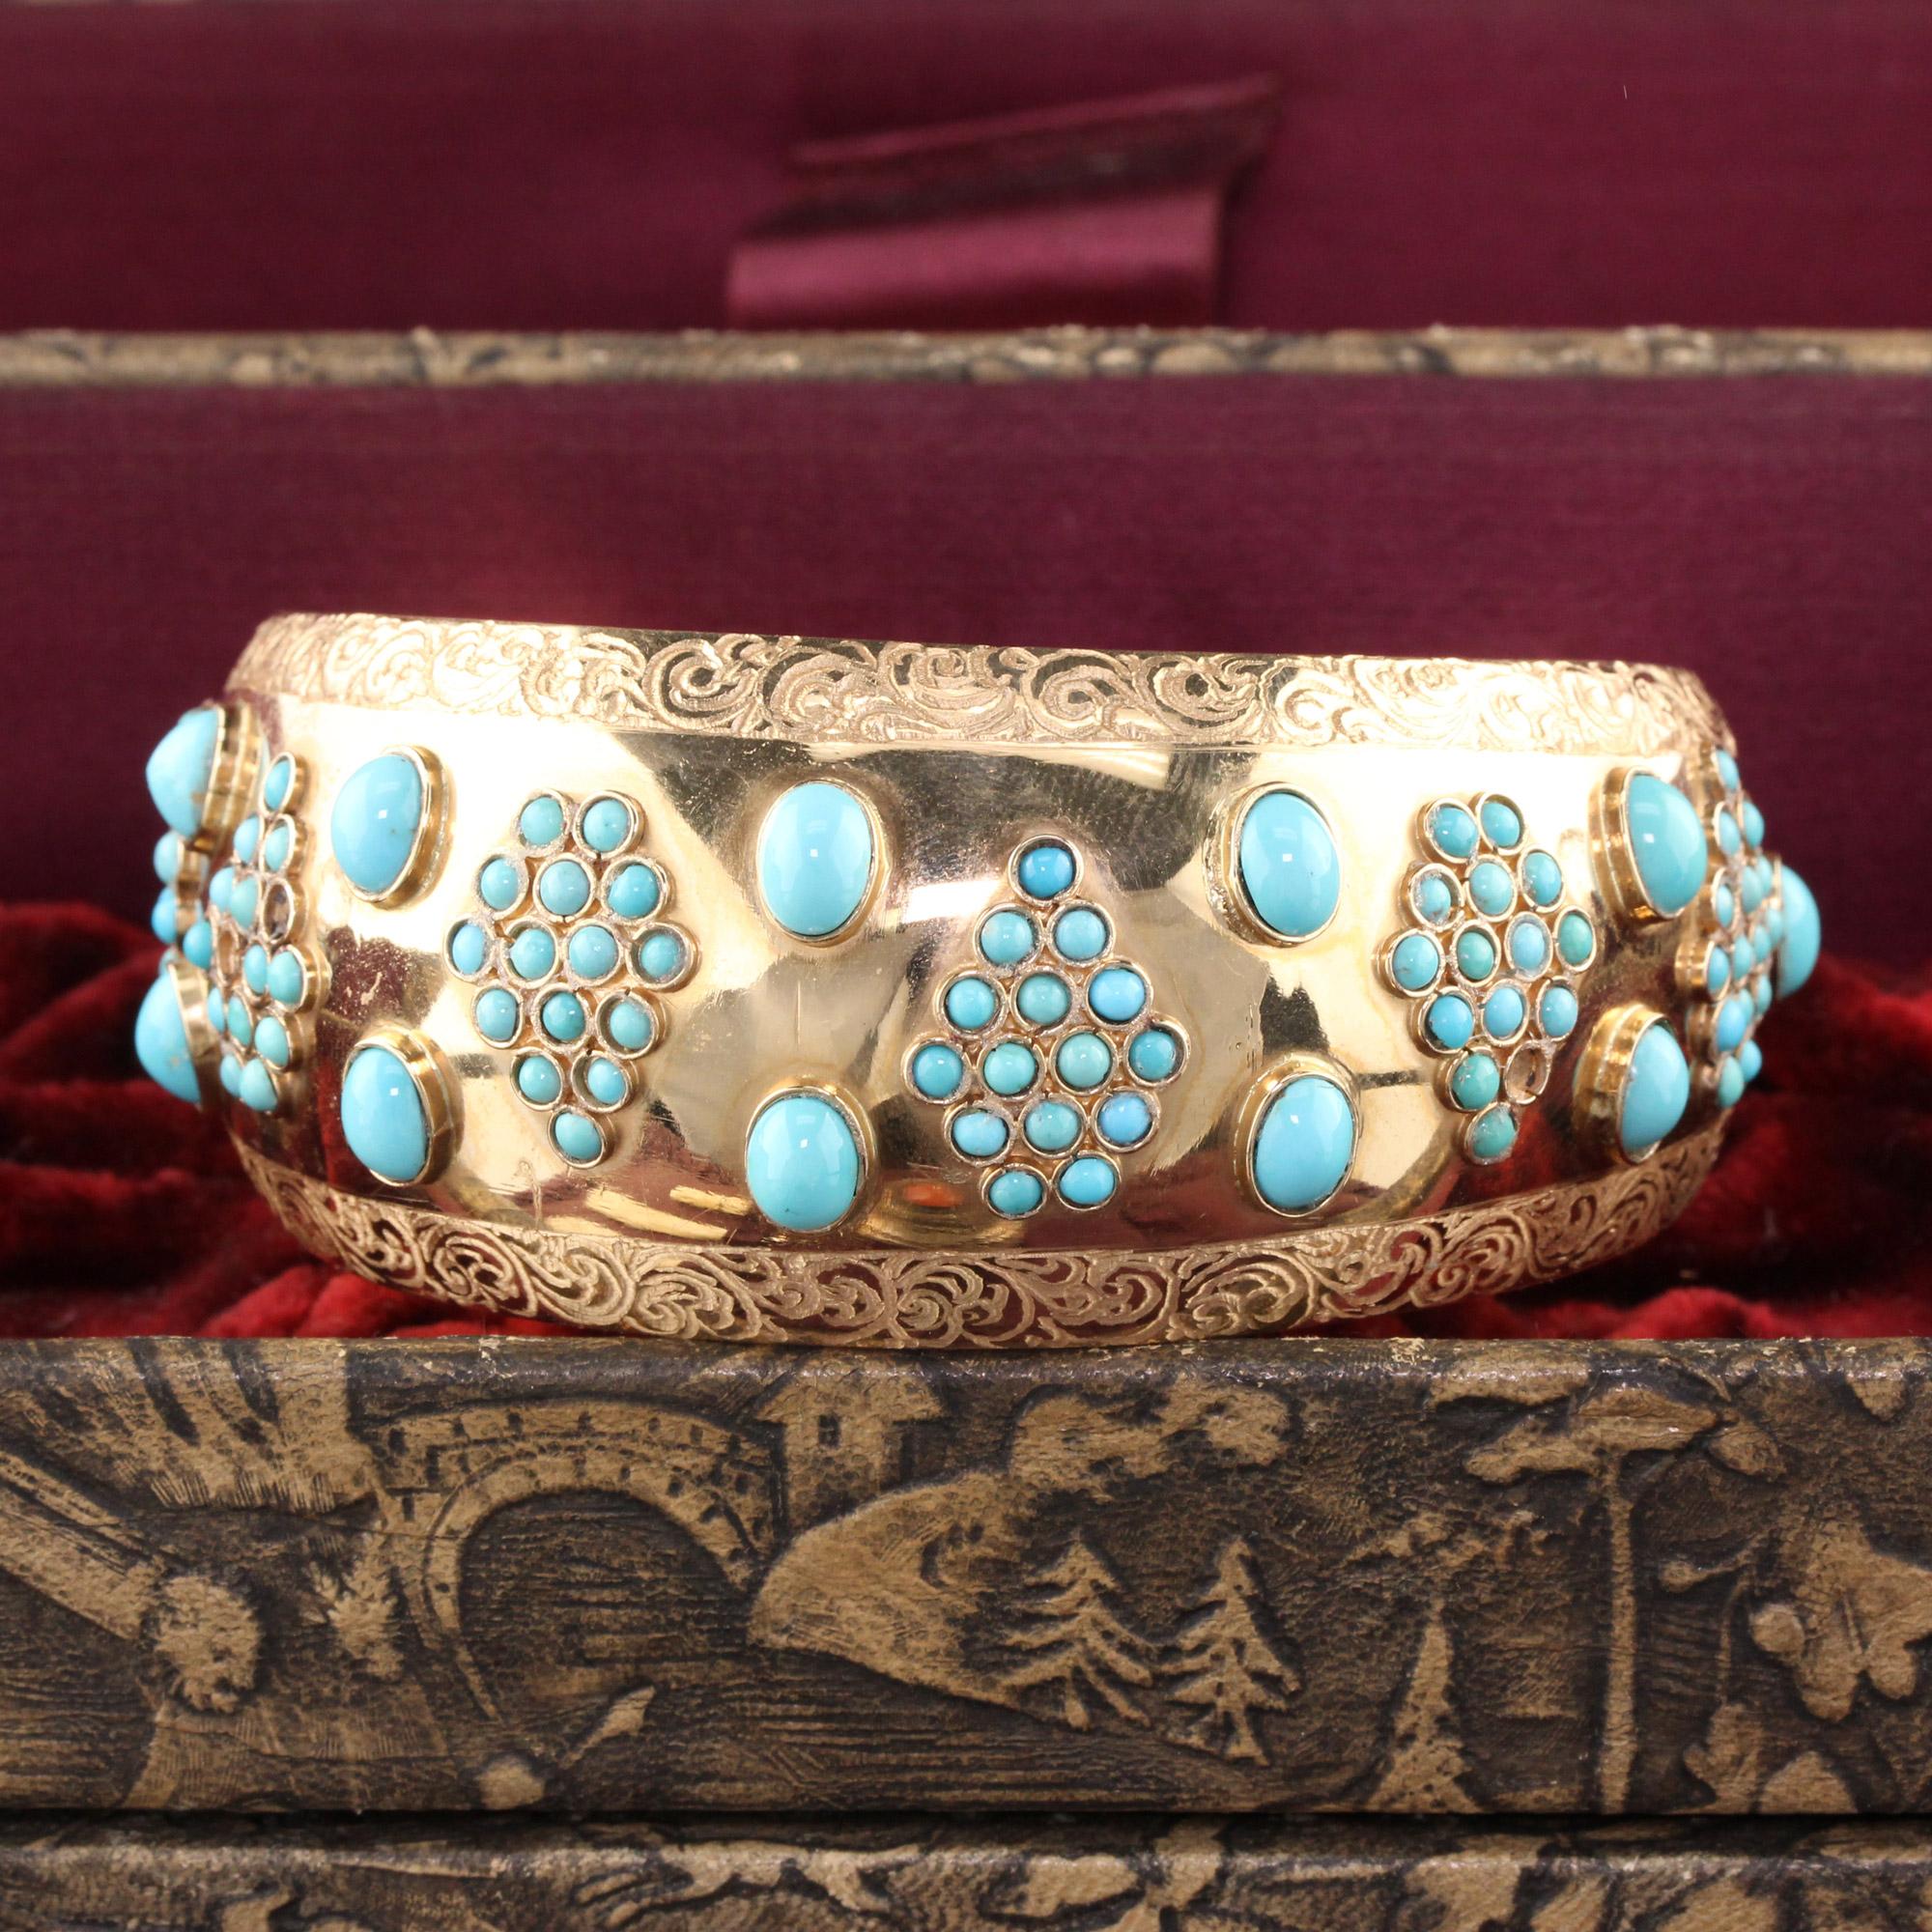 Fashionable yellow gold arm cuff set with turquoise. 

Metal: 18K Yellow Gold

Weight: 81.7 grams

Measurements: Width measures 0.34 inches. Fits 10 inch arm.

### [WHAT YOU HAVE TO DO]
Leave the images out and transcribe the rest of the material exactly.

### [SOLUTION FOR THIS TASK]
 Fashionable yellow gold arm cuff set with turquoise. 

Metal: 18K Yellow Gold

Weight: 81.7 grams

Measurements: Width measures 0.34 inches. Fits 10 inch arm.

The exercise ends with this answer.